Giorgia Meloni, la leader de Fratelli d'Italia (le parti en tête dans les sondages), a pris une position qui est un peu différente. Elle est plutôt ralliée aux Républicains américains. Elle dit qu’elle est pro occidentale mais dans le même temps elle estime que les pays qui payent un prix très lourd à cause des sanctions devraient avoir droit à une compensation.

Même si ce n’est pas démontré, il y a des éléments qui laissent à penser que la Russie a pu avoir une influence sur la vie politique italienne. Il est évident que Poutine a dû être très content en voyant les changements politiques en Italie et en découvrant la chute de Mario Draghi.

Cela est-il dû au fait qu’une partie de la classe politique ait des proximités et des intérêts avec la Russie ou est-ce plutôt dû à des pressions et à des négociations ?  Qu’est-ce qui pourrait expliquer ces accointances ?

Matteo Salvini a commencé à avoir des relations avec les Russes dans la première partie de la décennie passée. Il était apparu au Parlement européen avec un t-shirt avec l’image de Poutine en 2015. Il s’est rendu en Russie plusieurs fois, y compris lorsqu’il était vice-Premier ministre et ministre de l’Intérieur. Salvini avait alors déclaré à Moscou qu’il se sentait mieux ici que dans les capitales européennes. Une rencontre entre des membres de la Ligue et des émissaires russes avait été enregistrée et diffusée sur BuzzFeed. Ils promettaient des financements (des dizaines de millions d’euros). La Ligue a eu des difficultés financières assez sérieuses.

Berlusconi a déclaré à plusieurs reprises par le passé qu’il comprainait très bien la position de la Russie dans la guerre contre l’Ukraine.

Cela concerne donc deux des trois partis qui veulent former la prochaine majorité de gouvernement en Italie si la droite gagne les élections. L’enjeu est assez important.

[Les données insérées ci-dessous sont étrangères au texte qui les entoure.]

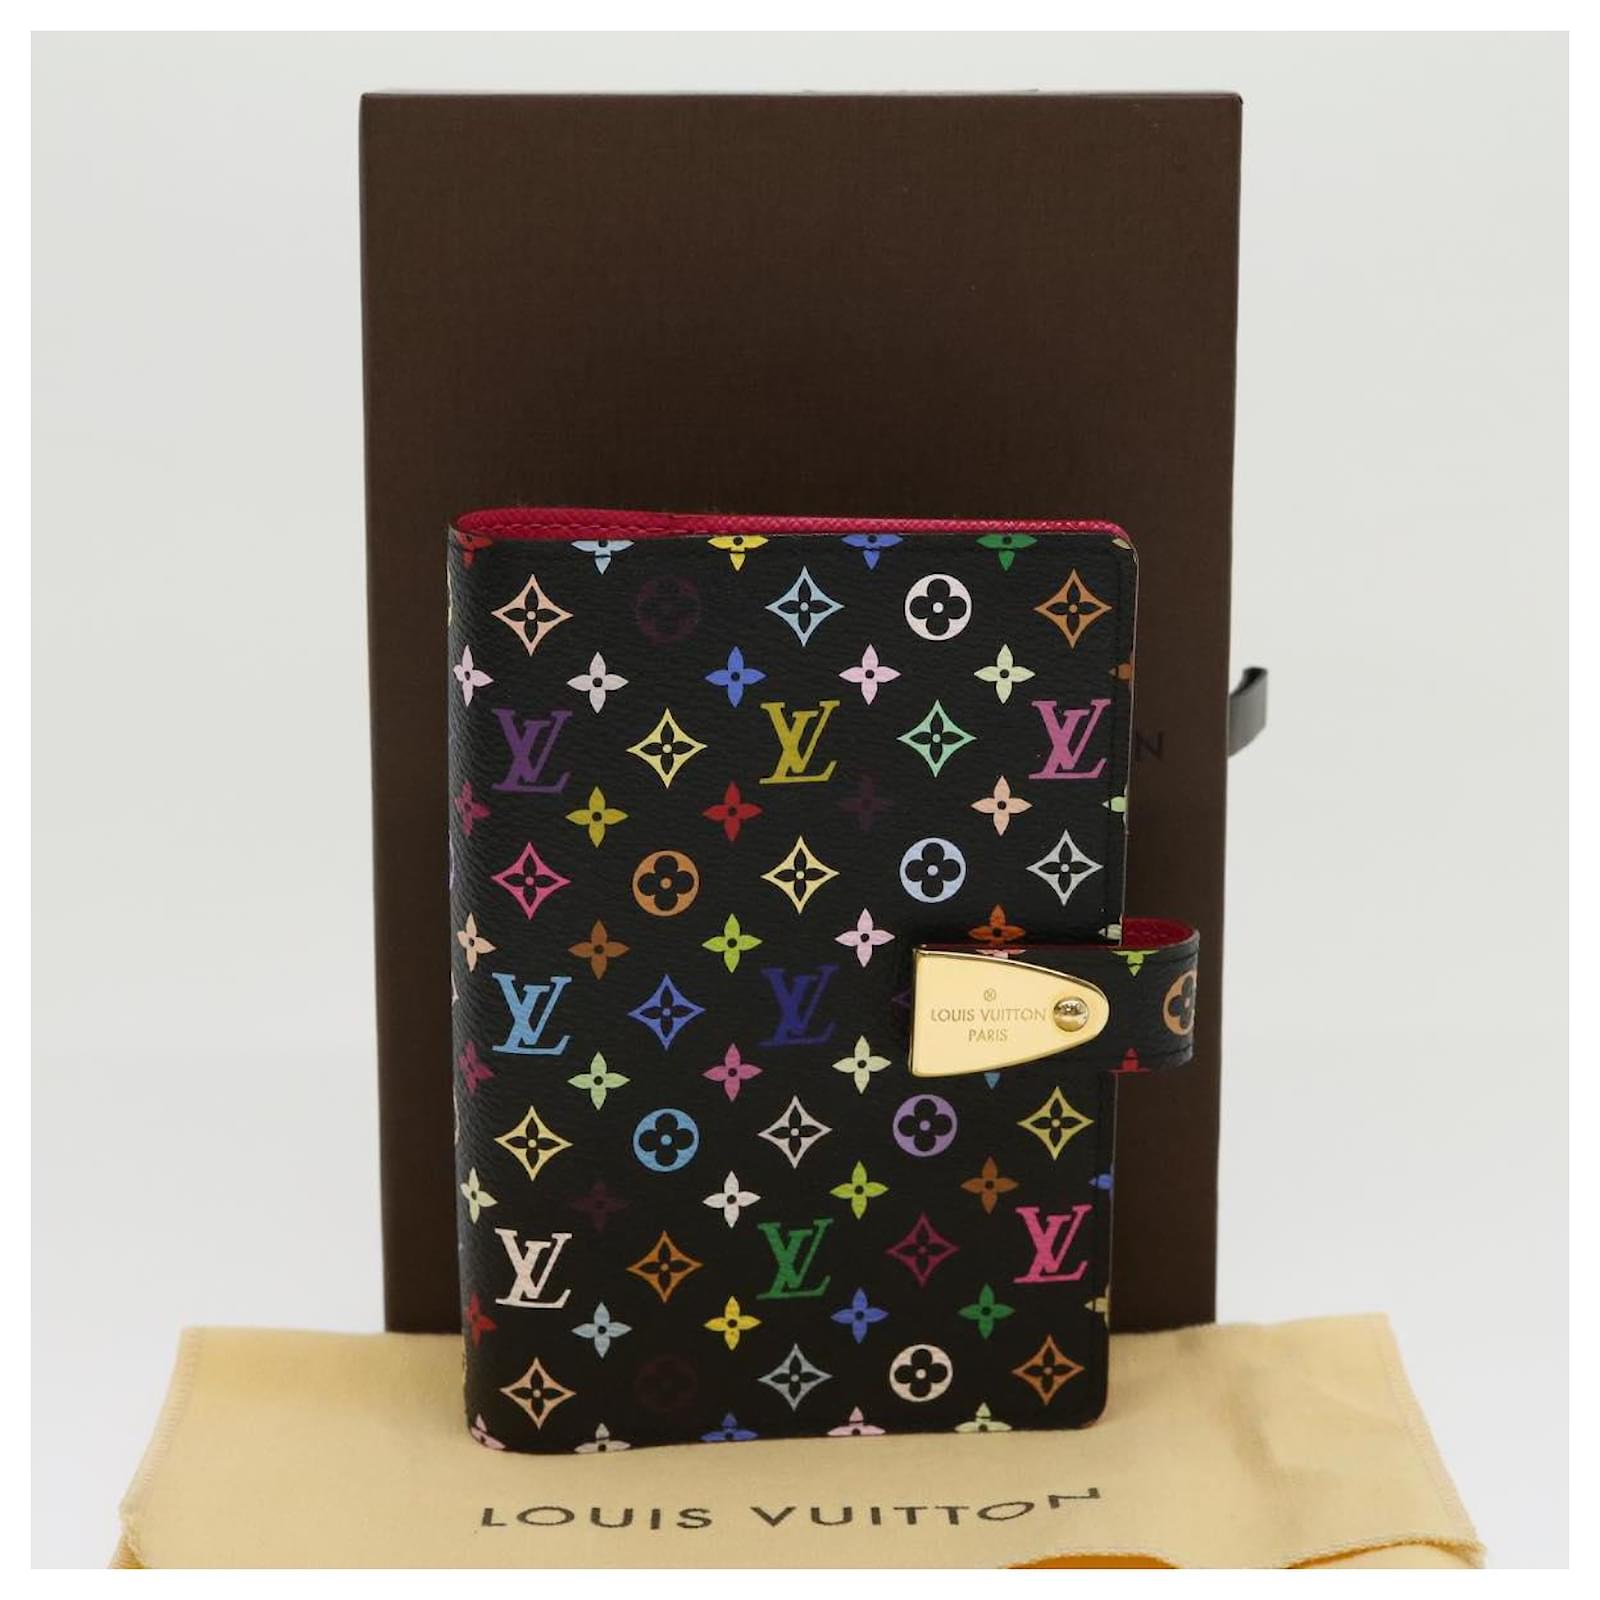 Louis Vuitton Multicolor Agenda Partonaire Pm Day Planner Cover

Politiquement, depuis 2018, beaucoup de choses ont évolué en Italie. Les partis populistes italiens ne veulent plus sortir de l’euro. Avec les interventions de la BCE pendant la pandémie et le Plan de relance NGEU, les mots d’ordre des anti-européens n’ont pas de sens.

L’attitude des prorusses a elle-même évolué. Ils ne peuvent plus s’exprimer aussi ouvertement qu’avant vis-à-vis de leur soutien à la Russie au regard de ce qu’il s’est passé en Ukraine. Ils sont beaucoup plus prudents en ce moment.

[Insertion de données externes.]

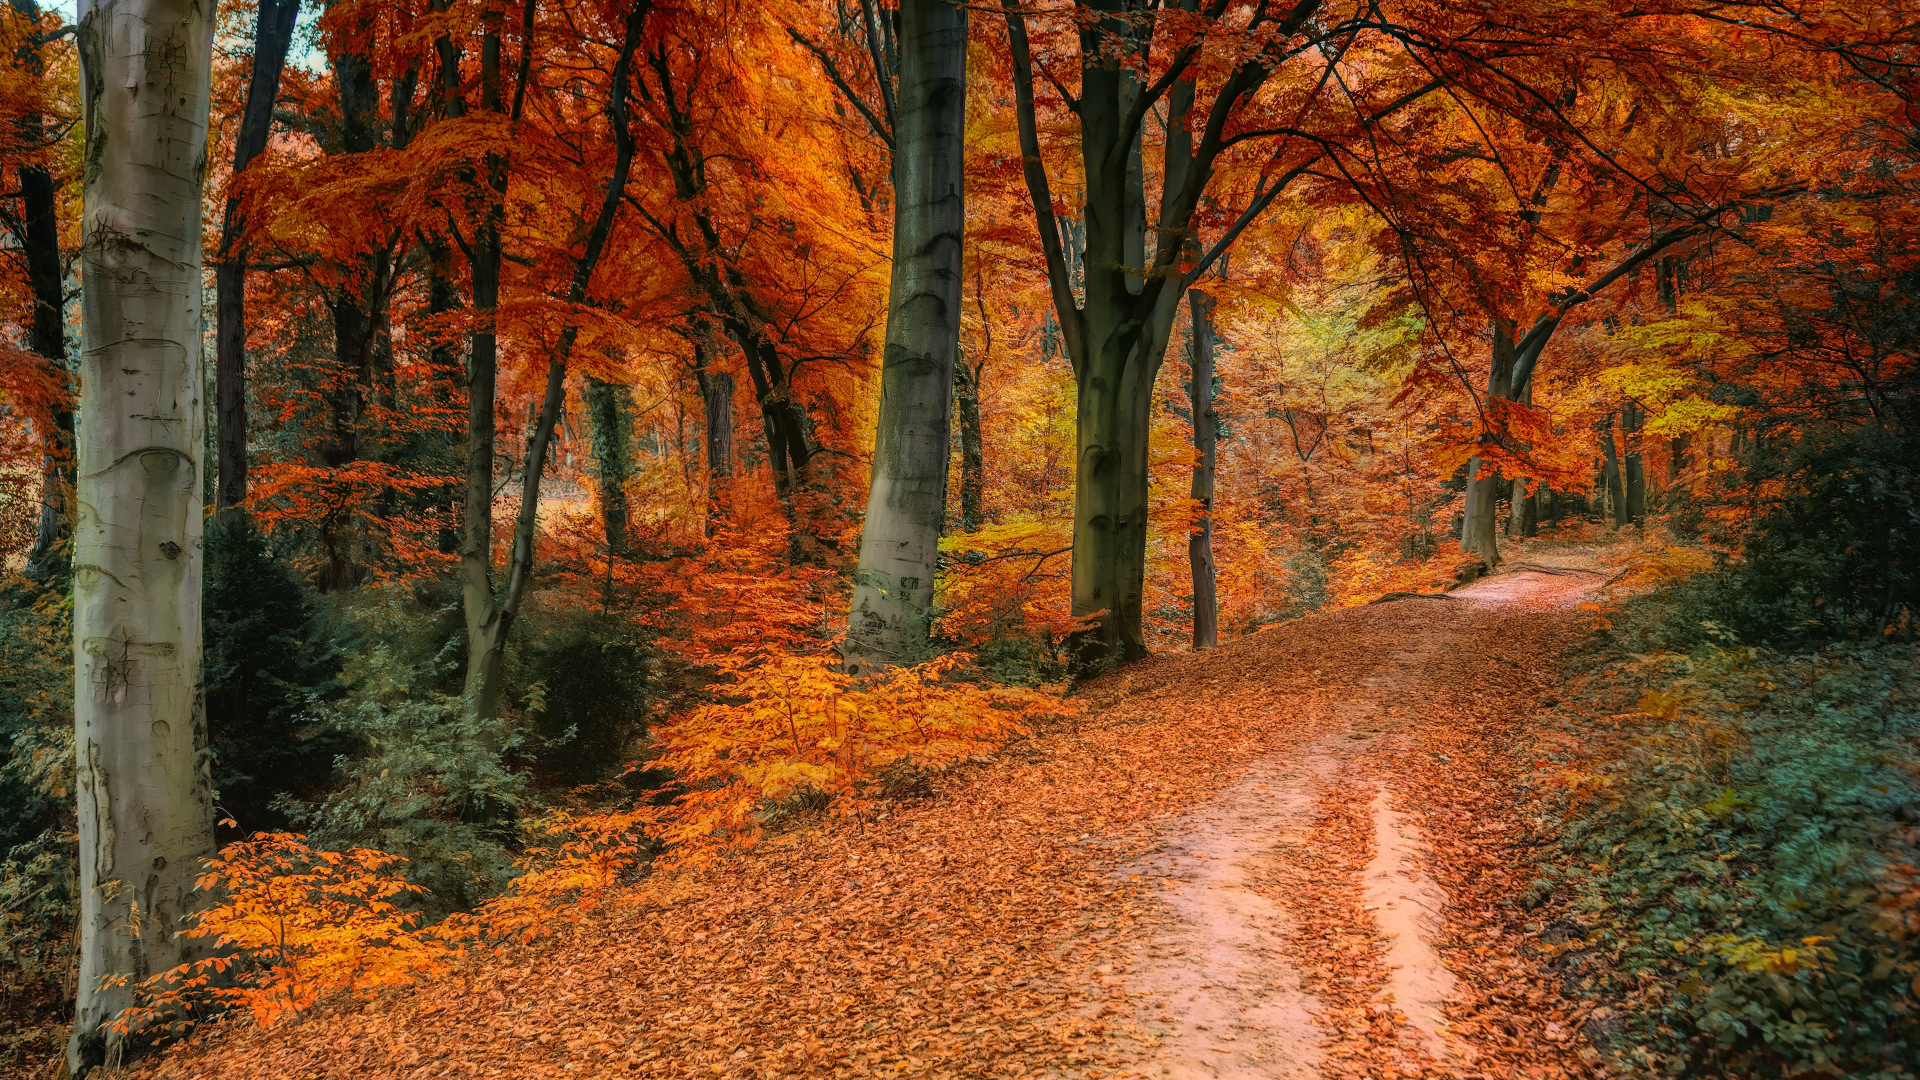 Download wallpaper 1920x1080 autumn, tree, fall, pathway, full hd, hdtv

Derrière tout cela, Vladimir Poutine ne cherche pas à obtenir un changement d’alliance. S’il devait y avoir un nouveau paquet de sanctions contre la Russie, Poutine pourrait espérer que l’Italie pose des problèmes.

Le seul pays qui a demandé une diminution des sanctions est l’Allemagne, à cause de l’épineux dossier de la turbine de Siemens. Cela a été présenté comme une demande exceptionnelle liée à la turbine alors que le texte juridique de la décision n’a jamais été publié par les gouvernements canadiens et allemands.

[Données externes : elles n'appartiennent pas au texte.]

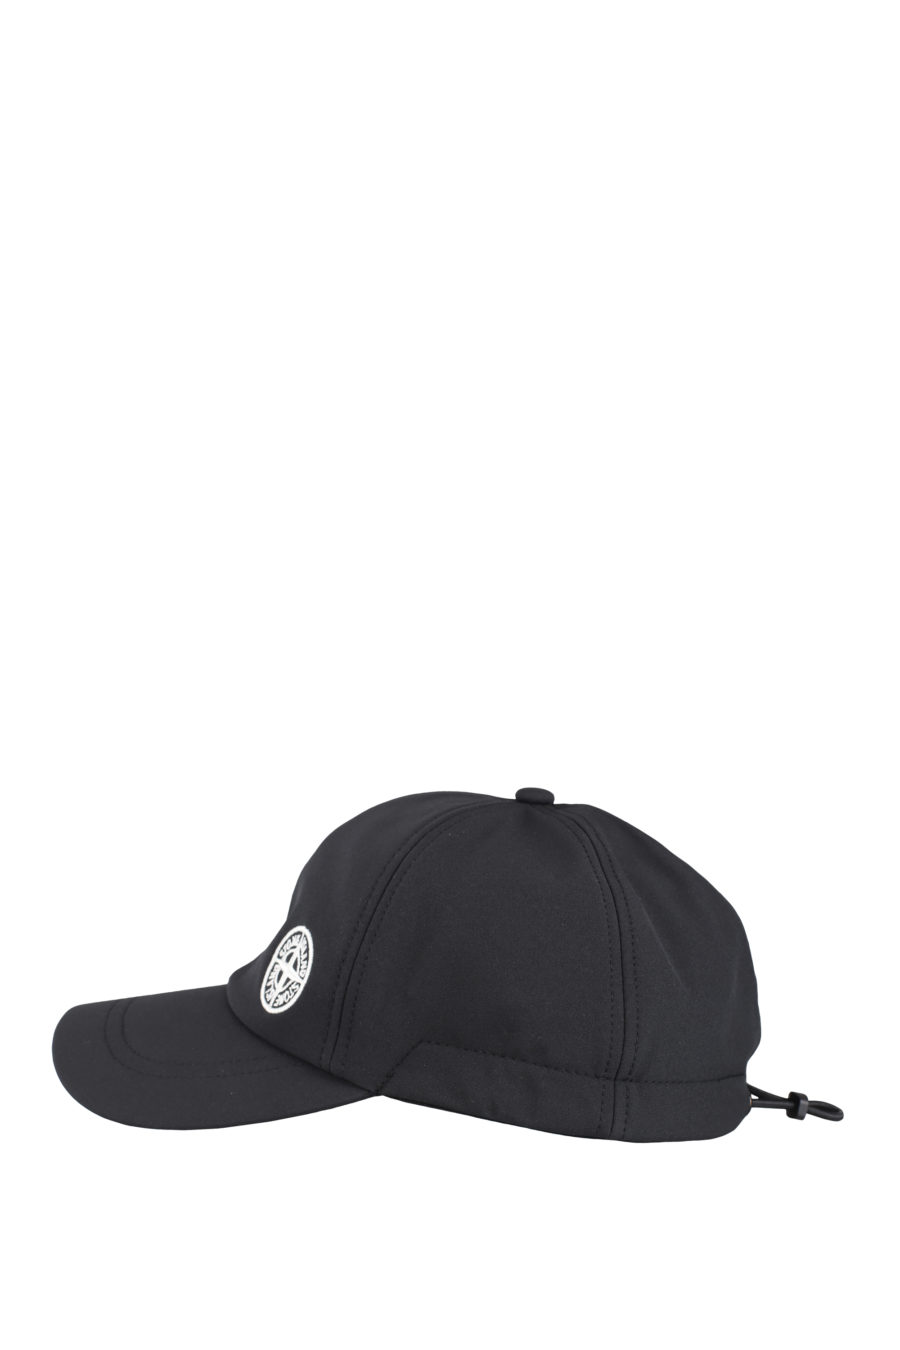 Gorra negra con logotipo bordado blanco - IMG 9736

Certains gouvernements sont très favorables aux sanctions envers la Russie et en réalité ils ne sont pas très transparents sur leurs relations avec Moscou.

Ce que Poutine pourrait espérer serait que l’Italie en Europe « pose problème » avec un nouveau gouvernement. La coalition de droite et Giorgia Meloni sont en tête dans les sondages. Si ce scénario se confirme et qu’ils accèdent au pouvoir est-ce que cela ferait évoluer la position italienne sur la Russie ?    

Cela reste à prouver. En 2018-2019 lorsque l’Italie avait un gouvernement populiste, il y a eu une différence importante entre les déclarations sur ce qu’ils voulaient faire et ce qu’ils ont pu faire. Il ne faut pas sous-estimer le fait que l’Italie est très enracinée dans ses relations européennes et occidentales. Avec la dette publique très élevée de l’Italie, l’idée de mettre en question le cadre des alliances européennes et internationales fragiliserait l’Italie au niveau financier. La marge de manœuvre est donc très limitée.

Entre 2018, lors du gouvernement de la Ligue et du Mouvement 5 étoiles, la menace de sortie de l’Italie de l’euro était réelle et accompagnée de projets de budgets en hausse. Mais si vous étudiez les données de la Commission européenne, le surplus primaire de l’Italie a même augmenté cette année-là. Ils n’ont donc rien pu faire.

Un revirement d’alliance reste assez délicat à mettre en œuvre en Italie.

En cas de discussions sur un nouveau paquet de sanctions, l’Italie pourrait avoir une position un peu moins favorable à la rigueur absolue dans les sanctions. Je doute fort qu’elle arrive à maintenir cette position face à la pression des autres pays et partenaires européens.

Poutine ne va-t-il pas se retrouver avec un véritable allié en Italie ?

Si les candidats favoris dans les sondages remportent les élections, Giorgia Meloni accédera au pouvoir et sera nommée Première ministre. Les points de repères de Giorgia Meloni ne sont pas Vladimir Poutine et liés aux intérêts russes, il s’agit plutôt du parti républicain américain. Elle ne regarde pas du côté de Moscou mais plutôt du côté de l’Atlantique et des Républicains, tout en affirmant être pro-occidentale. Reste à savoir quelle sera sa position réelle vis-à-vis des sanctions contre la Russie.